Astronaut-diode opened this issue · comments

Hello, I am not sure whether it is caused by the environment problem or the failure to upload your last code update. I followed the require prompt in README and installed the environment, but there are some errors in running the following commands. Here's an example. My environment, called MANDO, runs commands that are copied directly.

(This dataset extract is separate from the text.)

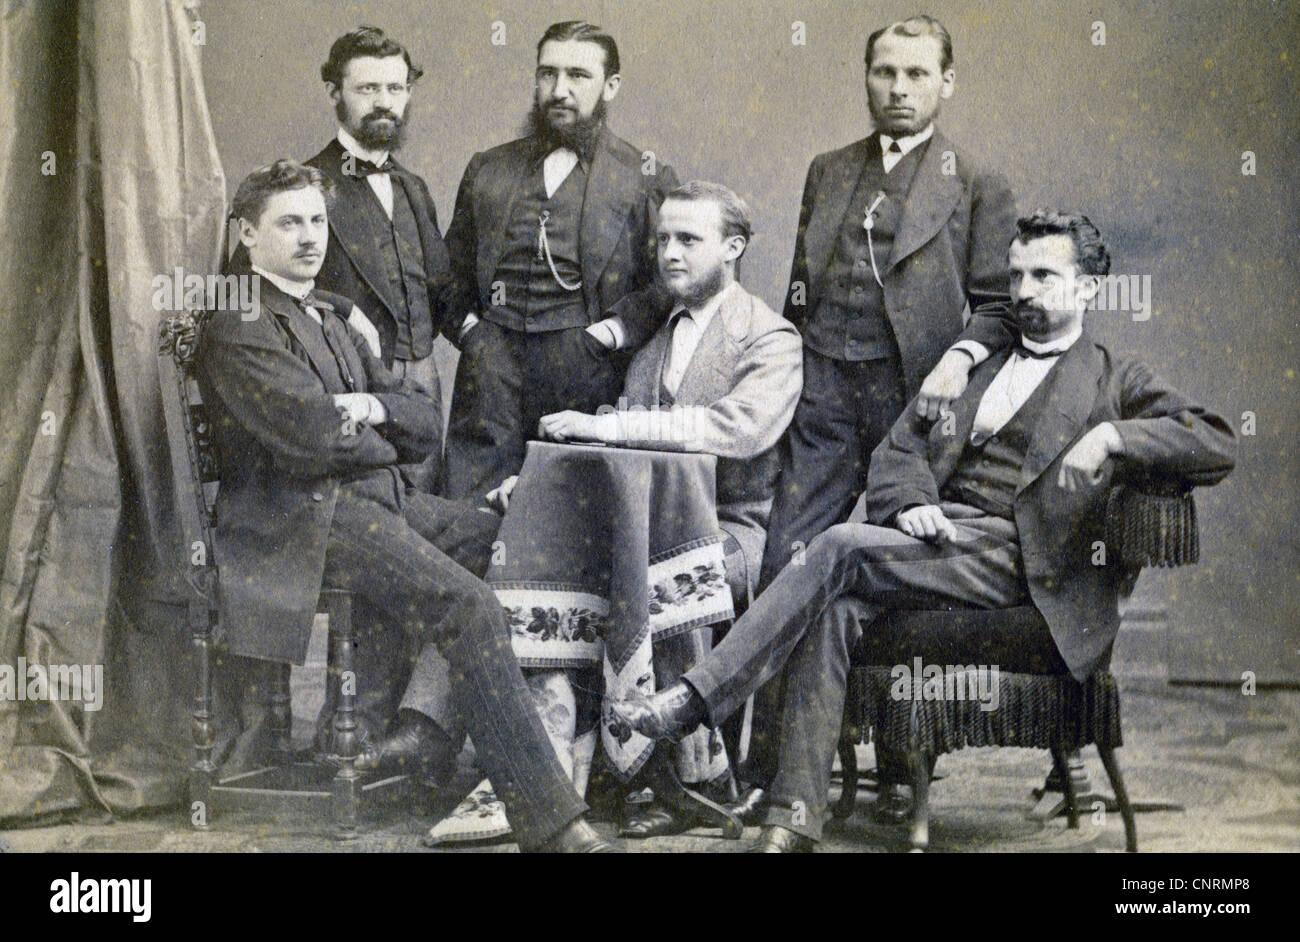 People Men Group Picture Late 19th Century Carte De Visite

=======================================================================
(MANDO) astronaut@dell-PowerEdge-T640:/data/space_station/ge-sc$ python node_classifier.py -ld ./logs/node_classification/cfg/gae/access_control --output_models ./models/node_classification/cfg/gae/access_control --dataset ./experiments/ge-sc-data/source_code/access_control/buggy_curated/ --compressed_graph ./experiments/ge-sc-data/source_code/access_control/buggy_curated/cfg_compressed_graphs.gpickle --node_feature gae --feature_extractor ./experiments/ge-sc-data/source_code/gesc_matrices_node_embedding/matrix_gae_dim128_of_core_graph_of_access_control_cfg_buggy_curated.pkl --testset ./experiments/ge-sc-data/source_code/access_control/curated --seed 1
Using backend: pytorch
Training phase
Getting features
Traceback (most recent call last):
File "node_classifier.py", line 240, in
train_results, val_results = main(args)
File "node_classifier.py", line 56, in main
model = MANDONodeClassifier(args['compressed_graph'], feature_extractor=feature_extractor, node_feature=args['node_feature'], device=device)
TypeError: init() missing 1 required positional argument: 'source_path'

commented

Hello, The source_path parameter was removed at this commit. Please make sure you pull the latest version. Btw, this command still work well from my side.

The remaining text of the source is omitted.